The first step: Deny everything. This will give you many months of time, because the international community will have great difficulty finding a common line. When the evidence becomes overwhelming, admit wrongdoing and promise to cooperate fully with the IAEA from now on. You don’t have to keep this promise, because the Viennese authorities don’t have enough authority to really mend your stuff. Whatever you say, never admit that nuclear weapons are your concern. If you are a Muslim country, obtain a fatwa from a willing imam proving that nuclear weapons are incompatible with Islam. It’s true that none of your fellow Muslim countries will buy that, but some in the West will. And complain loudly about the Israeli nuclear program, which the West has tacitly tolerated. That looks good in the Arab world. But don’t deny the Holocaust, or you’ll spoil things even with many of your sympathizers. Most importantly, insist on your “inalienable right” to the peaceful use of nuclear energy as enshrined in the Non-Proliferation Treaty. Blame the nuclear powers for trying to monopolize the political and economic benefits of nuclear power. This is particularly well received in the Third World and in the Non-Aligned Movement. Threats of withdrawing from the Non-Proliferation Treaty, on the other hand, are less advisable. This will only draw unnecessary public attention to you.
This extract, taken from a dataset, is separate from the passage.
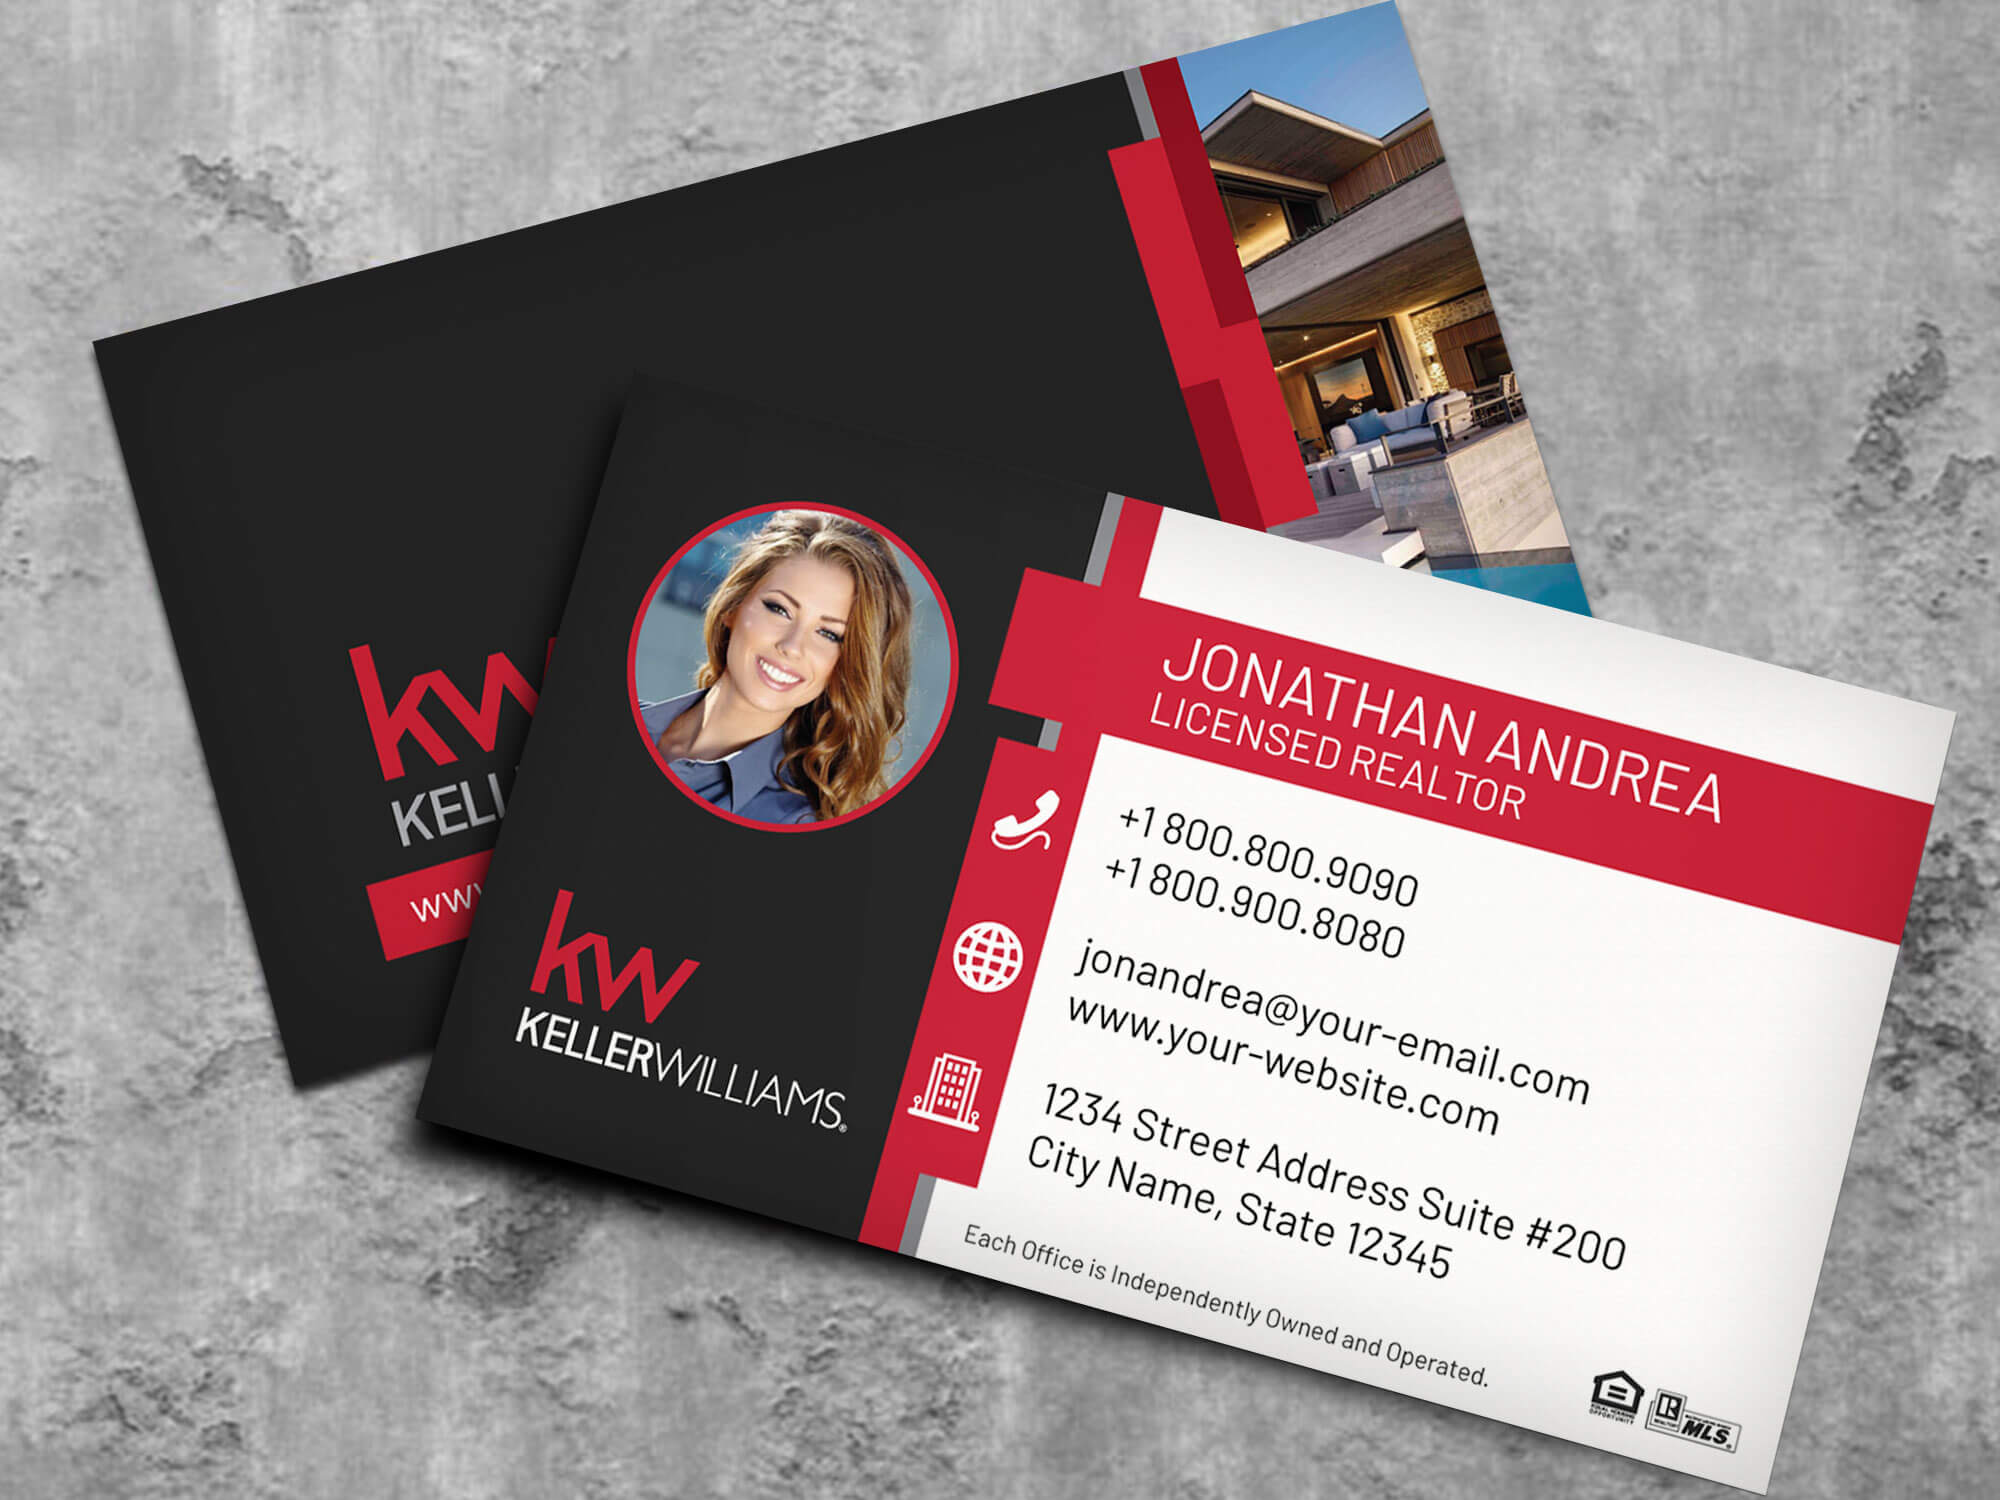 Keller Williams Business Card Template Bc19702Kw - Nusacreative Regarding Keller Williams Business Card Templates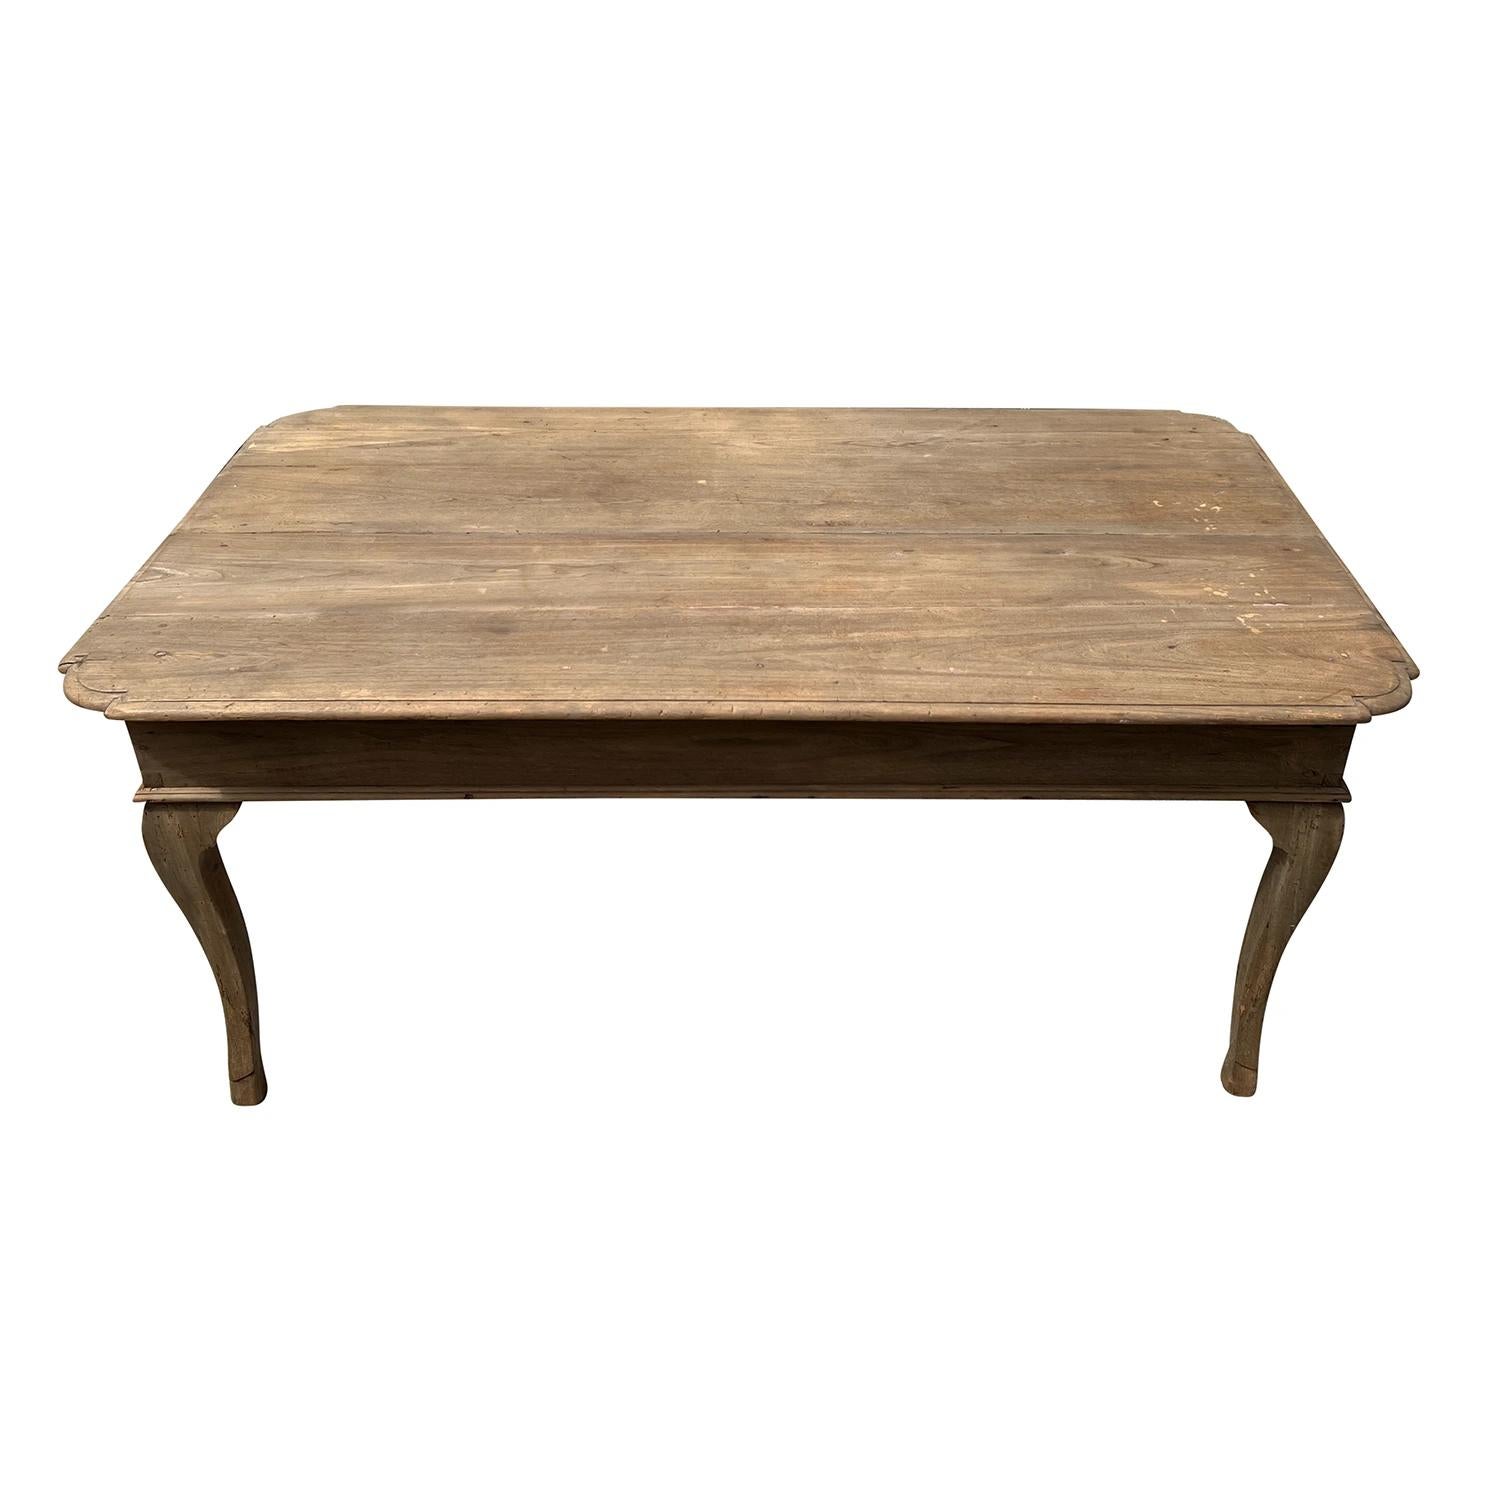 An antique and massive French Provincial dining room table or work table made of hand crafted Fruitwood, in good condition. The detailed top of the early 19th Century farm table is made of planks. Beautiful aged and distressed patina on the wood

 If your nuclear program becomes the subject of international negotiations before you reach weapons capability, you’ll have to buy time. Make concessions. Pull them back again. Offer them again etc. etc. Keep insisting on your right to enrichment – even if the UN Security Council has long since stripped you of this right. You hardly have to fear harsh sanctions, given the rivalries among the members of the Security Council. And if you are lucky enough to have large oil and gas reserves, then the sanctions will likely remain soft. Because the economic and energy policy interests of some members of the Security Council will ensure that these countries do not treat you too harshly. After all, you are a sought-after business partner.

But help also comes from other directions. The IAEA, for example, will be divided. Some will argue that a nuclear watchdog must also bite, and thus call for  hard measures. On the other hand, those who see the IAEA as an authority for the improvement of the world will openly or secretly sympathize with you despite all your misconduct and will prevent any unequivocal statements about your program. And a large part of the non-proliferation experts from the numerous think tanks around the world will argue in your favor. After lengthy weighing of all the facts, these experts will come to the conclusion that the US is actually responsible for the misery. On the other hand, they will be more lenient towards you. They will be content to state that you are presumed innocent until proven guilty. By now you will be under such strict international scrutiny that you will no longer be able to buy anything in the international market.

But that doesn’t matter. Because you now have everything you need. Time is on your side. Don’t lose your nerve now. Don’t argue that you need nuclear weapons because your neighbors have them. Instead, never tire of emphasizing the capabilities of your conventional forces. Otherwise, your neighbors may be tempted to take out your program with a pre-emptive military strike, as Israel did with Iraq in 1981 and Syria in 2007. If you follow this advice, you are almost guaranteed success. The only question you would then have to resolve is how you intend to announce your breakthrough to nuclear power. Do you prefer to remain a „virtual nuclear power“ or would you like to announce your rise to the nuclear club with a hearty nuclear test? But that’s really up to you to decide! So now you have used up billions of dollars and a lot of political capital. You are largely isolated politically. Your neighbors hate you even more now than before. And the number of American forces on your doorstep has even increased. Does it all add up to a net gain? Well, maybe not quite to the profit you had hoped for when you once embarked on the arduous endeavor. But who ever said being a nuclear power was easy?